These tables present summary financial data for 2022 and 2021. Generally accepted accounting principles (GAAP) require that we include unrealized gains and losses on equity securities in net income. Given the magnitude of our equity portfolio, we believe that this approach creates volatility in revenues and net income that can obscure the operating performance of our businesses and does not align with our long-term investment philosophy. As of December 31, 2022, the fair value of our equity portfolio included cumulative unrealized gains of $4.6 billion.


Years Ended December 31,

(in thousands, except per share amounts)

2022


2021

Earned premiums

$ 7,587,792


$ 6,503,029

Markel Ventures operating revenues

$ 4,757,527


$ 3,643,827

Net investment income

$ 446,755


$ 367,417

Net investment gains (losses)

$ (1,595,733)


$ 1,978,534

Comprehensive income (loss) to shareholders

$ (1,308,817)


$ 2,078,244

Diluted net income (loss) per common share

$ (23.57)


$ 176.51

Combined ratio

92 %


90 %





(in thousands, except per share amounts)

December 31, 2022


December 31, 2021

Book value per common share

$ 929.27


$ 1,036.20

Common shares outstanding

13,423


13,632

Highlights of our 2022 results include:

  • Earned premiums grew 17% in 2022, reflecting continued growth in premium volume from new business, strong policy retention levels, more favorable rates and expanded product offerings.

  • The higher combined ratio in 2022 compared to 2021 was primarily attributable to the impact of less favorable development on prior years loss reserves, partially offset by a lower expense ratio and lower catastrophe losses.

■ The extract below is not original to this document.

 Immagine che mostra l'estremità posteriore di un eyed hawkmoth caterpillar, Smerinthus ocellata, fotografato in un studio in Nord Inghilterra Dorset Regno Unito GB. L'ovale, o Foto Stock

  • Operating revenues and operating income from Markel Ventures increased 31% and 19%, respectively, in 2022, reflecting contributions from recent acquisitions and notable organic growth.

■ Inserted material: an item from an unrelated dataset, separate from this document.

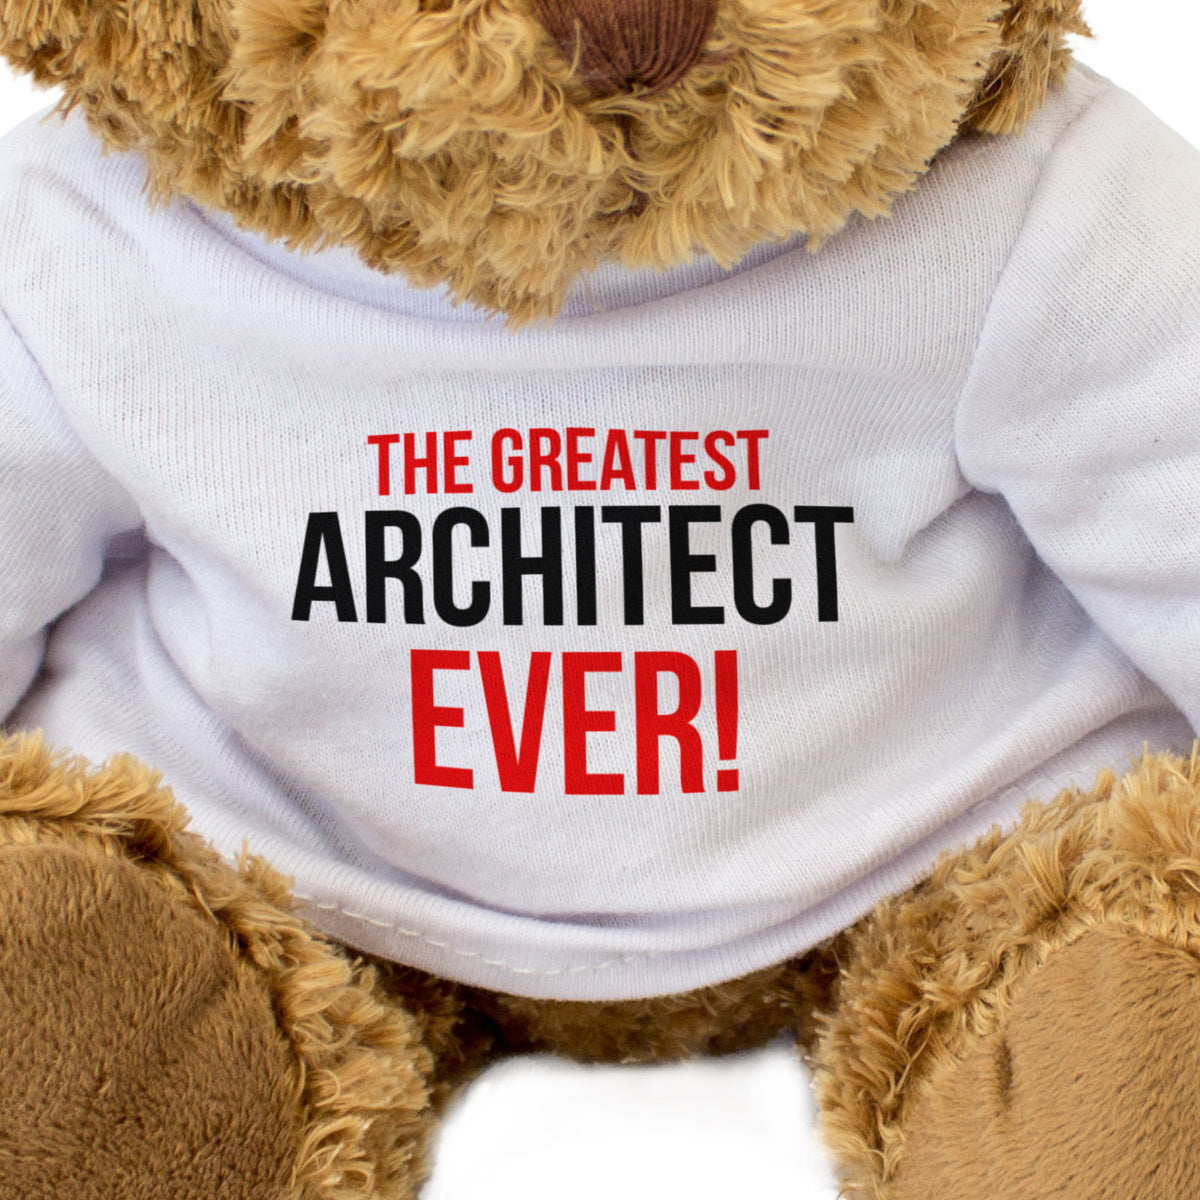 The Greatest Architect Ever - Teddy Bear

  • The growth in net investment income in 2022 was primarily due to the impact of rising interest rates during the year on our short-term investments and cash equivalents, as well as higher average holdings of fixed maturity securities.

  • Net investment losses in 2022 reflected a decrease in the fair value of our equity portfolio resulting from unfavorable market value movements. Substantially all of our net investment losses in 2022 were unrealized.

  • Comprehensive loss to shareholders in 2022 resulted from net investment losses and unrealized losses on our fixed maturity portfolio, which more than offset operating income from our insurance and Markel Ventures operations. We typically hold our fixed maturity investments to maturity and generally would expect these losses to reverse.

  • Operating cash flows totaled $2.7 billion in 2022, up 19% over 2021, reflecting strong cash inflows from our underwriting operations given the growth in premium volume in recent periods.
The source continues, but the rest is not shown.